My last 2 years there, I was livng on St-Denis @ Ontario Street. The brownstone building that houses the "Mmmuffin" shop, my apt was right above it. The windows literally wrapped around both streets, we'd often sit at the corner window and just drink and watch people, it was better than tv!

As for moving back, I'm waiting to get more consistent freelance work here in NY beforehand. I do music for tv ads, worked at a music house for about 2 years and now freelancing. It's not easy and I don't want to go up there and feel like I'm starting over, so to speak, already aware that the jobs pay much less (so does the cost of life, I suppose). That said, I haven't really investigated the possibilities of that market up there (ad agencies, which music houses are hot, is is as saturated as it is here, there may be 1 or 2 to cover it all, etc..). I'll look into it on my next trip over the summer.

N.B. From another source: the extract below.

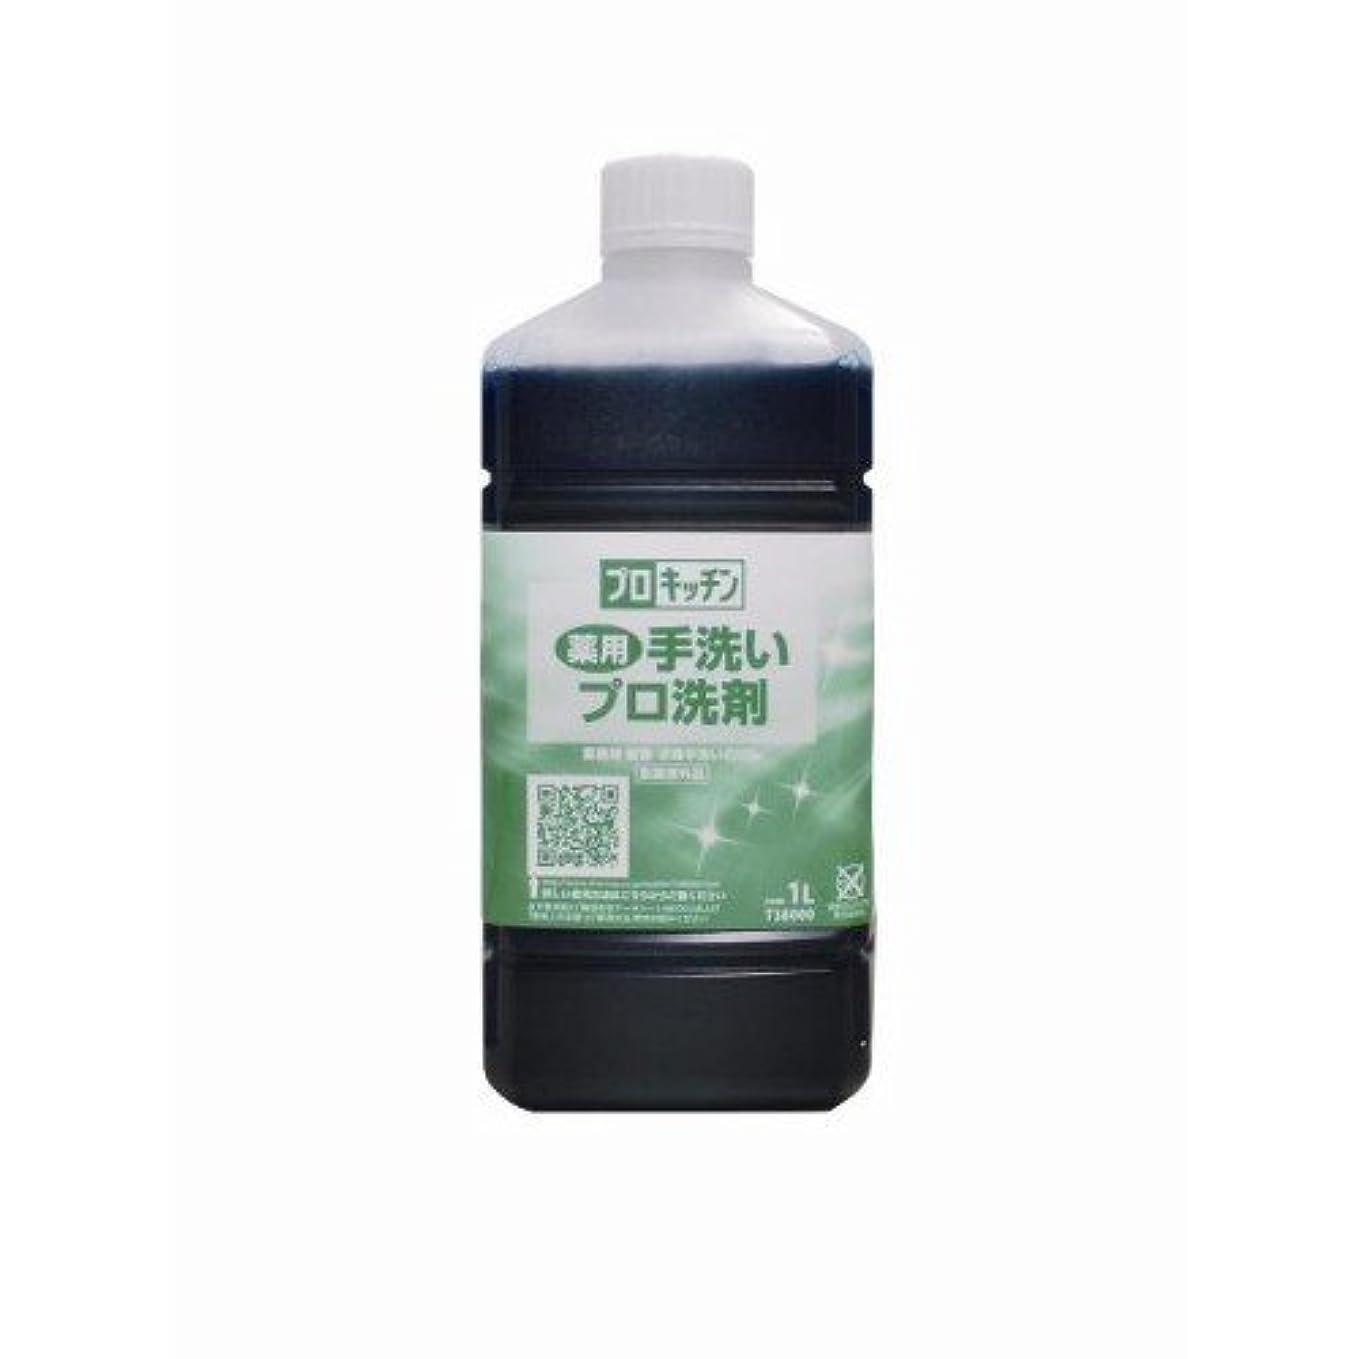 契約した伝統限り薬用手洗いプロ洗剤 1L

What really hit me last time I went up, is the realization that buying property up there can actually happen! Again, I'm looking at it from a NYC perspective. No more down payment is required, and a stunning loft which would set you back about $500k-$1M in NY would be about $300K up there, in a great are at that. Even renting is still seemingly affordable compared to what I'm used to now...Something to consider for sure.

I also apologize for hijacking this thread but it's really nice to hear from other Montrealers, whether still living there or not.